Berkshire Hathaway's (NYSE:BRK-A) (NYSE:BRK-B) expansion from a textile company to a multinational conglomerate made Warren Buffett, who started buying shares of the company in the early 1960s, into an investing legend. Over the past 50 years, Berkshire's stock surged over 4,300% as the company expanded its investment portfolio.
That's why investors now closely monitor Berkshire and Buffett's investment choices. But instead of focusing on Berkshire's latest purchases, many of which weren't made by Buffett himself, investors should recall the Oracle of Omaha's investing rules to see which stocks he would buy -- instead of the ones he already bought. Here are three stocks Buffett would love.
1. Netflix: A "simple" business with a wide moat
Buffett believes in investing in "simple" businesses with wide moats (i.e., competitive advantages). Netflix (NASDAQ:NFLX), which generates all its revenue from subscriptions, checks those two boxes.
Netflix's global streaming memberships rose 27% year-over-year to 193 million last quarter as people streamed more content throughout the pandemic. Its revenue rose 25% year-over-year to $6.15 billion, its operating margin expanded, and its net income nearly tripled to $720 million.
Netflix expects its memberships to grow another 23% year-over-year in the third quarter, allaying concerns regarding competition from Disney+, Hulu, and other hungry challengers. It expects its revenue and net income to rise by 21% and 43%, respectively. That stable profit growth should silence concerns that its high content production and licensing costs could overwhelm its subscription revenue.

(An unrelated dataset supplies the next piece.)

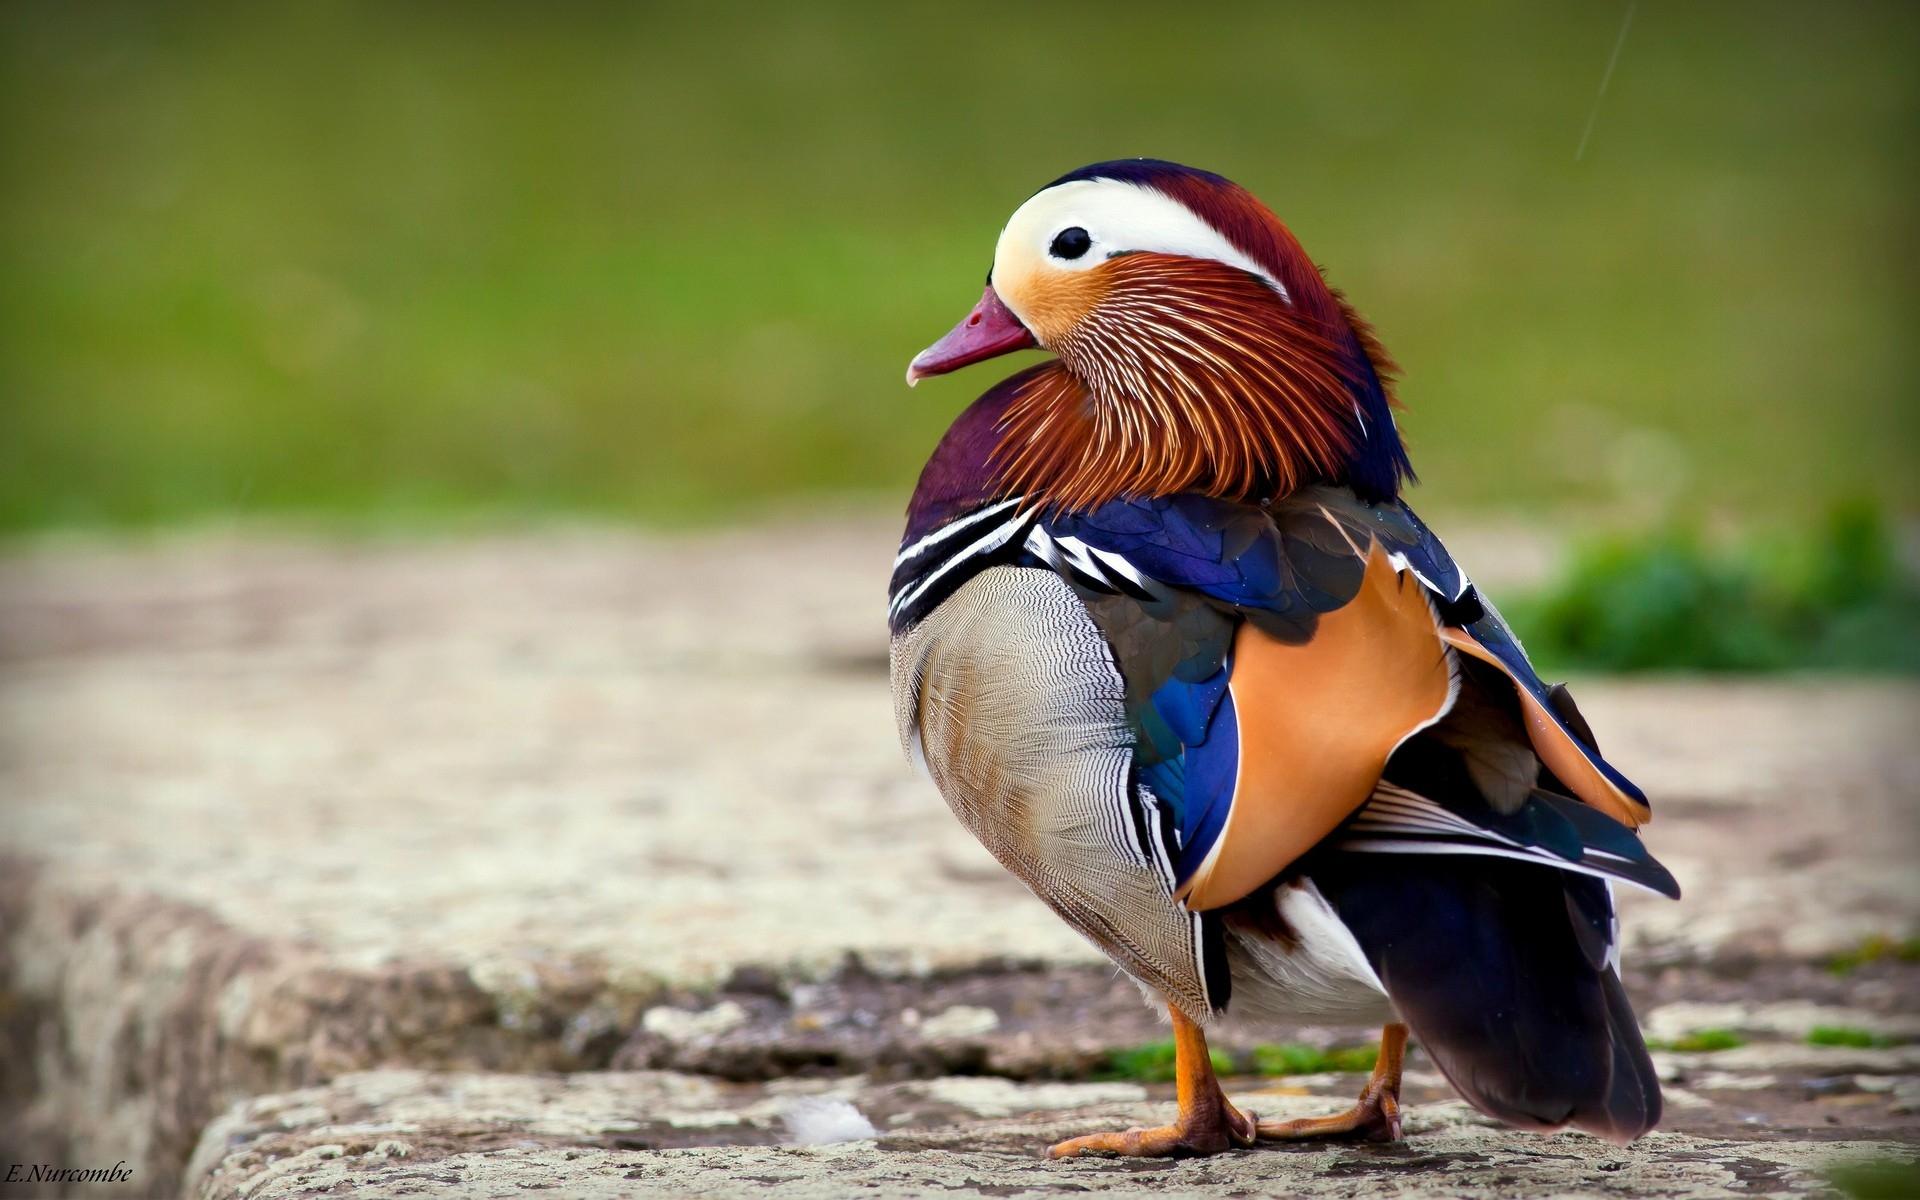 фото птиц на обои для рабочего стола этой

Analysts expect Netflix's revenue and earnings to rise 24% and 50%, respectively, this year. The stock isn't cheap at just over 60 times forward earnings, but Netflix's robust growth rates, simple subscription-based model, sticky ecosystem, and wide moat all make it a stock Buffett should love.
2. General Mills: A company with "consistent earning power"
Buffett prefers companies that generate "consistent earning power" at reasonable prices. One such company is General Mills (NYSE:GIS), the packaged foods giant that owns iconic brands like Cheerios, Yoplait, and Häagen-Dazs.
General Mills is arguably a better packaged foods stock than Kraft Heinz (NASDAQ:KHC), which Berkshire owns a major stake in, for two reasons. First, General Mills raised its prices to stabilize its margins as its shipments were throttled by competition from private-label and healthier brands. Kraft cut its prices and crimped its margins.
Second, General Mills refreshed its older brands and bought growing brands like Annie's organic food and the premium pet brand Blue Buffalo. Kraft shied away from bold investments and aggressive marketing campaigns.
As a result, General Mills continues to generate rock-solid growth. Its organic sales rose 4% last year, while its adjusted EPS grew 12% in constant currency terms. In the first quarter of 2021, its organic sales jumped 10%, buoyed by pandemic-induced purchases, and its adjusted EPS grew 27% in constant currency terms.
That robust growth prompted General Mills to raise its dividend, which currently sports a forward yield of 3.3%, for the first time in two years. Its growth will likely decelerate after the pandemic ends, but the stock remains reasonably priced at 17 times forward earnings.
3. Alphabet: A stock to hold "forever"
Speaking to CNBC in 2017, Buffett admitted he "missed" the opportunity to buy Alphabet, then known as Google, in its early days. A year later, he told the same network he "should have" bought shares of Google.
Buffett hasn't disclosed any positions in Alphabet since then, but the tech giant remains a great stock to buy and hold forever. It owns the world's most popular search engine, mobile operating system (Android), web browser (Chrome), email client (Gmail), and video streaming platform (YouTube).
Its sprawling ecosystem also includes a major cloud platform, hardware devices, Waymo's driverless cars, healthcare initiatives, and other projects. It still generates most of its revenue from ads, but its top products should continue dominating their respective markets for the foreseeable future.
Alphabet's ad sales decelerated during the pandemic, but analysts expect its revenue and earnings to rise 21% and 28%, respectively, next year. Those are impressive growth rates for a stock that trades at 27 times forward earnings, and they indicate that it's not too late to buy this stock as a long-term investment.